The movie begins with a montage of Louise and her daughter, from babyhood to her death as a teenager. Throughout the movie, we get more flashes from this period of Louise’s life. This beginning establishes her as a loving mother, and the next scenes establish her language expert credentials by showing her in front of her college classroom and in her book-lined office. We meet her physicist counterpart, Ian, in the helicopter that takes them to Montana where one of twelve alien ships has landed. We know how to think about him because we’ve all seen Jeff Goldblum in Jurassic Park.
It’s not such a character driven movie as, say, Moonlight or Fences. The plot is what’s important here. We have mysterious alien ships and spend the whole movie learning what they’re doing here, and the human interest story of Louise and her daughter turns out to be an important way the main plot is disclosed. As it turns out, to the aliens, “there is no time,” meaning not “hurry up, we’re almost out of time” but literally time doesn’t exist as the linear stream we all think we live in. They pass this perception on to Louise, who doesn’t understand it at first – she can’t figure out why she keeps dreaming about this child – but she eventually figures it out, just in time to save the world and the aliens. They’re here because in 3,000 years they are going to need humanity’s help, but humanity needs to learn to work together, hence the twelve scattered ships interacting with twelve different governments. Louise figures it out when she remembers an event 18 months in the future when the Chinese leader tells her that she called him 18 months ago on his private number and told him his wife’s dying words (and gives her the number and the words so it will be possible for her to have called him). The final scene of the movie closes the loop on the first scene; Louise marries the physicist and the little girl will be theirs, and the physicist will leave her when she tells him about the girl’s early death.

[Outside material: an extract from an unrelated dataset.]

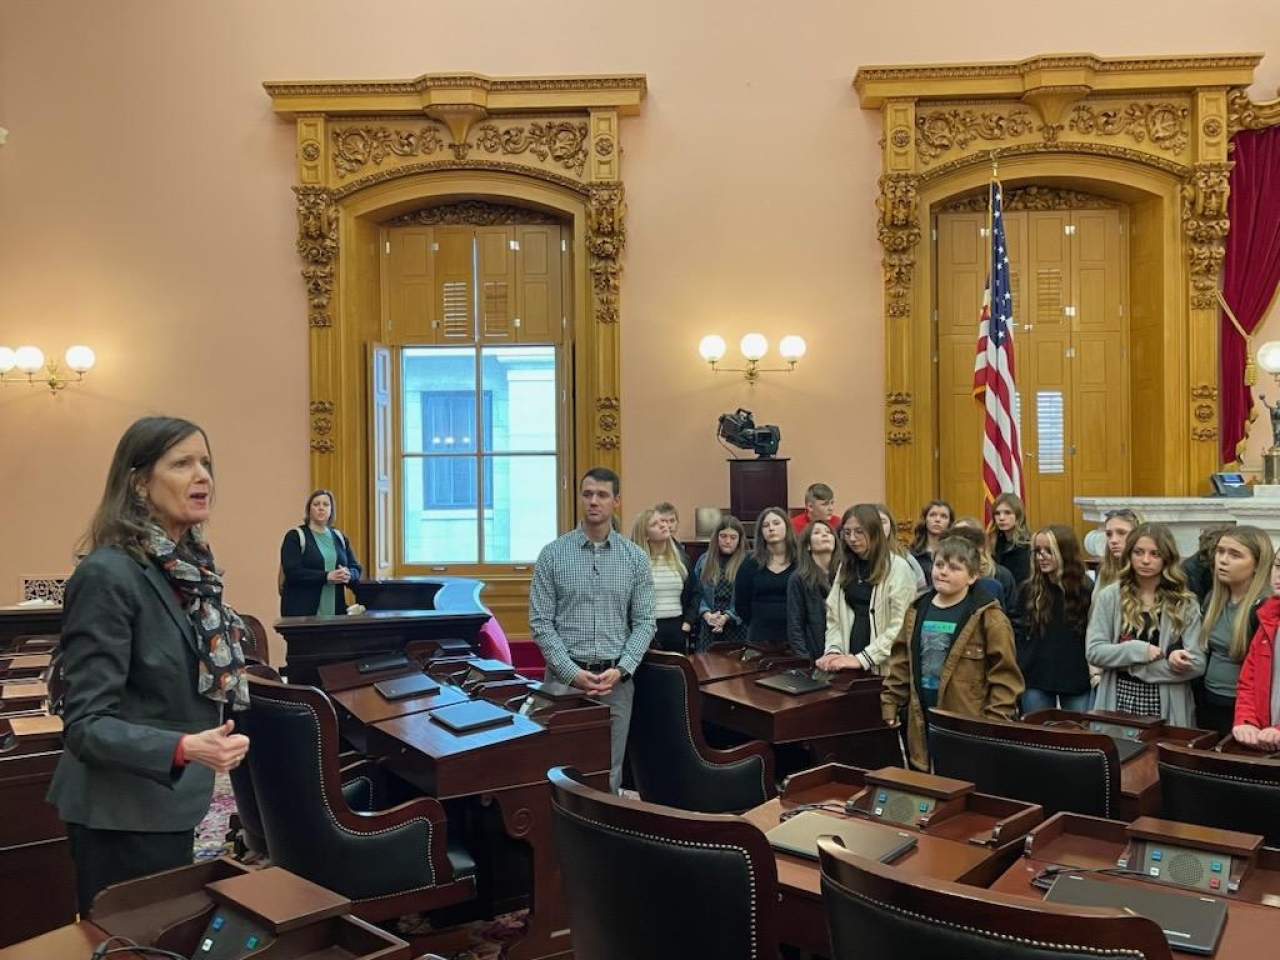 Representative Richardson was excited to welcome the 7th grade class from Fairbanks to the floor of the Ohio House. They were inquisitive, polite and well behaved.

Lessons for writers? In order to make the complex plot comprehensible, the components had to be simple enough to follow and recall, like the mother-and-child scenes, and a scene with a guy watching a Rush Limbaugh-like character on tv. Pace the science-y stuff. To show the science of learning to communicate with the aliens, the movie started slow and detailed, then skimmed over the bulk of the work, just showing little snippets to convince us that work was still going on. Keep your eye on the main plot. The parallel plot, where the public is panicking, other governments want to attack the aliens, and our own military people are being pressured for quick results, is mostly conveyed through tv news in the background and interactions between the scientists and the military. It sets the tone of urgency, the ticking time bomb (and there’s literally a ticking time bomb in one scene), but it’s always clear to us that the aliens and the efforts to communicate with them are paramount.

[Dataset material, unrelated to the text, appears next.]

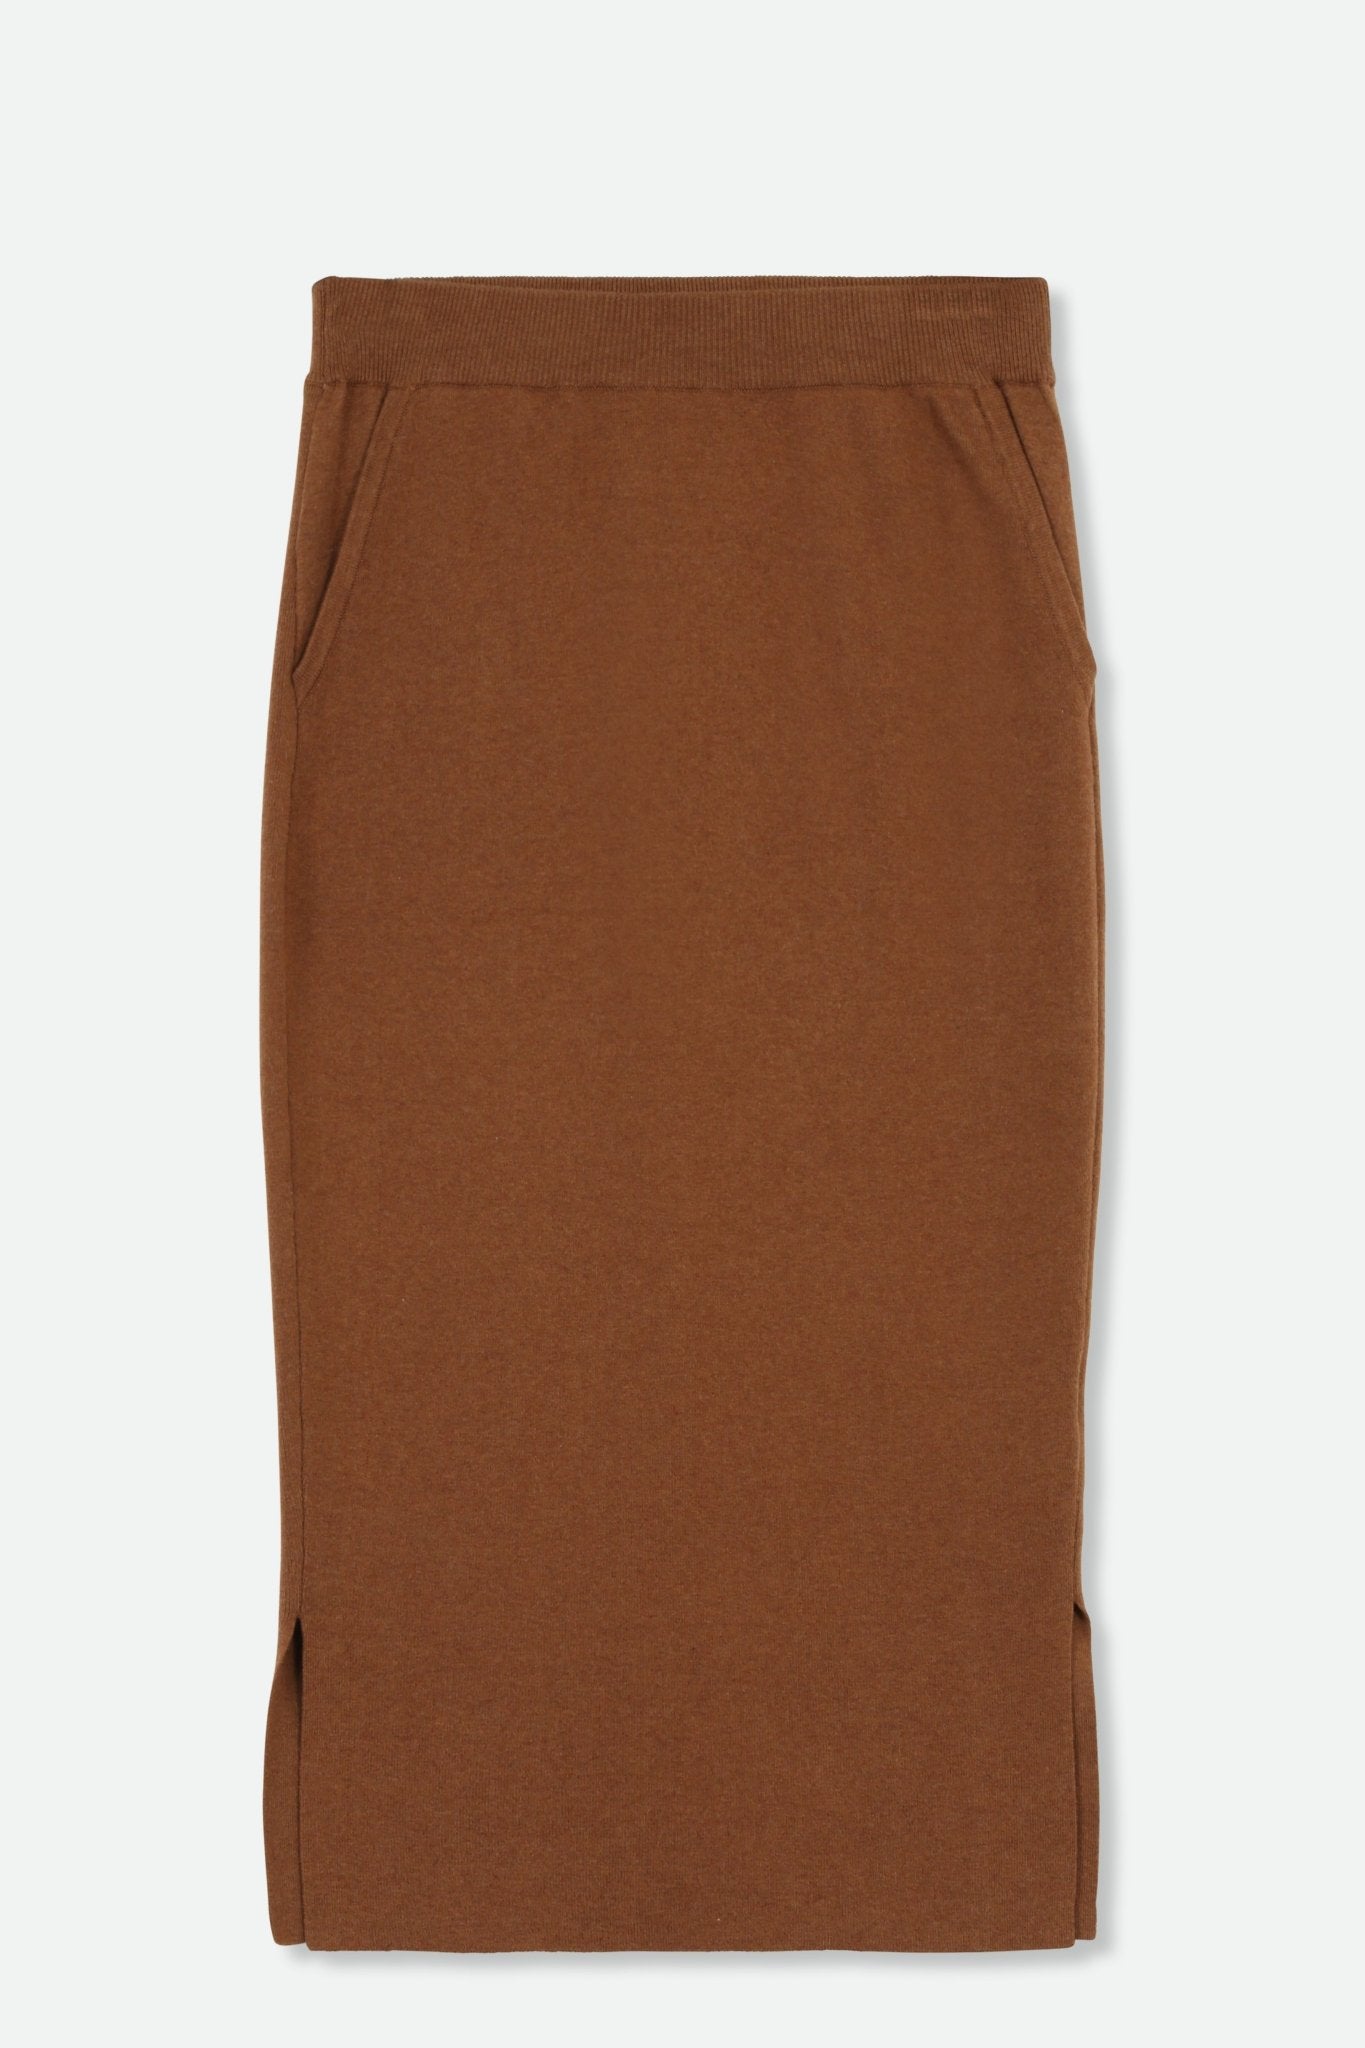 SICILY PENCIL SKIRT IN KNIT PIMA COTTON STRETCH IN SADDLE BROWN - Jarbo

Well, that’s the end of movie watching for us until after the Oscars. I’ll be watching the ceremony this year with more interest than usual, now that I’ve seen these nine films. According to the Internet, the smart money is on La La Land to take the prize. I think Moonlight has a shot, too.
How about you? Have you seen these movies? What did you think of them, and if you’re a writer, what lessons would you take away? Please tell me in the comments.